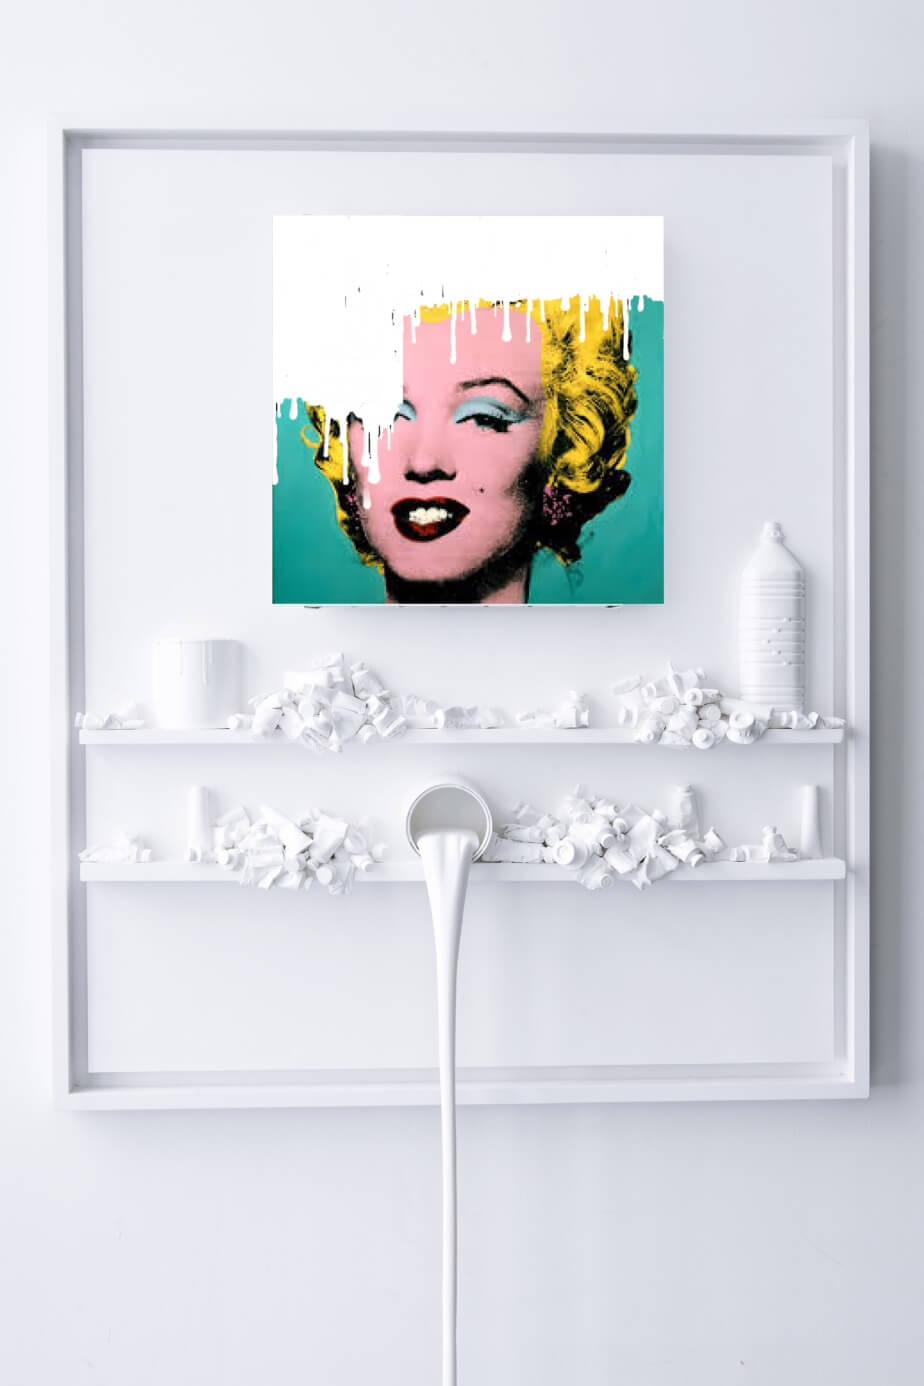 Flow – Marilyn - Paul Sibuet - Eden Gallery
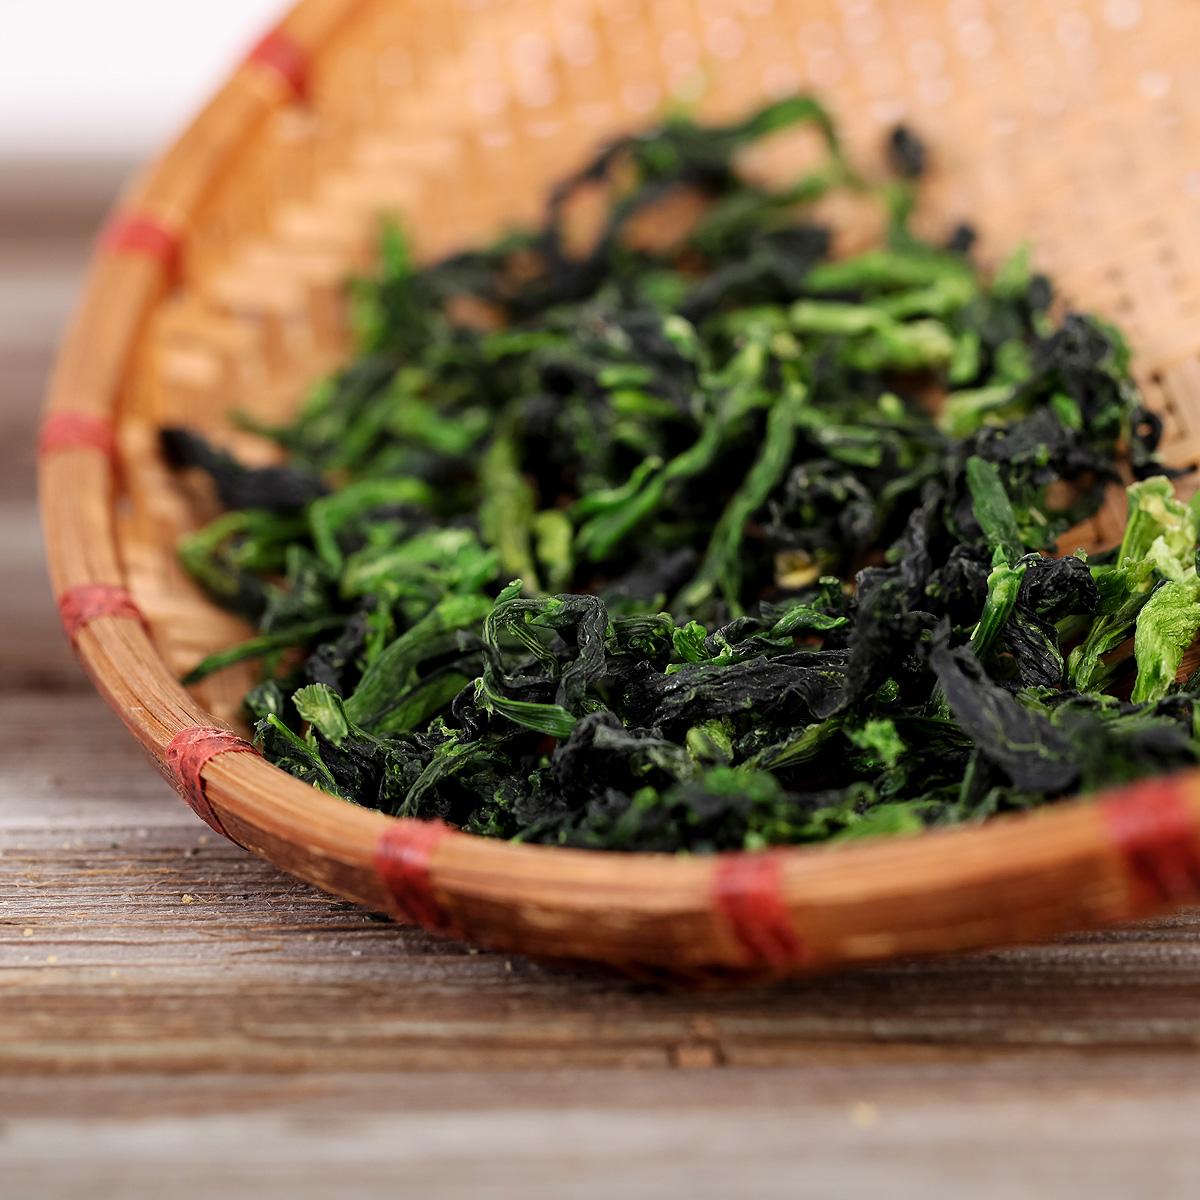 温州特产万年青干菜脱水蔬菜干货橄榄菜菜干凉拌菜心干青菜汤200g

+++++

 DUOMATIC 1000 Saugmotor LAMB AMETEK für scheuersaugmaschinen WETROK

+++++

Try it.
From the records above, copy only the lines running from the line containing "Flow – Marilyn - Paul Sibuet - Eden Gallery" to the line containing "温州特产万年青干菜脱水蔬菜干货橄榄菜菜干凉拌菜心干青菜汤200g", both ends included. Leave the pictures out.

Output of the task.
 Flow – Marilyn - Paul Sibuet - Eden Gallery
 温州特产万年青干菜脱水蔬菜干货橄榄菜菜干凉拌菜心干青菜汤200g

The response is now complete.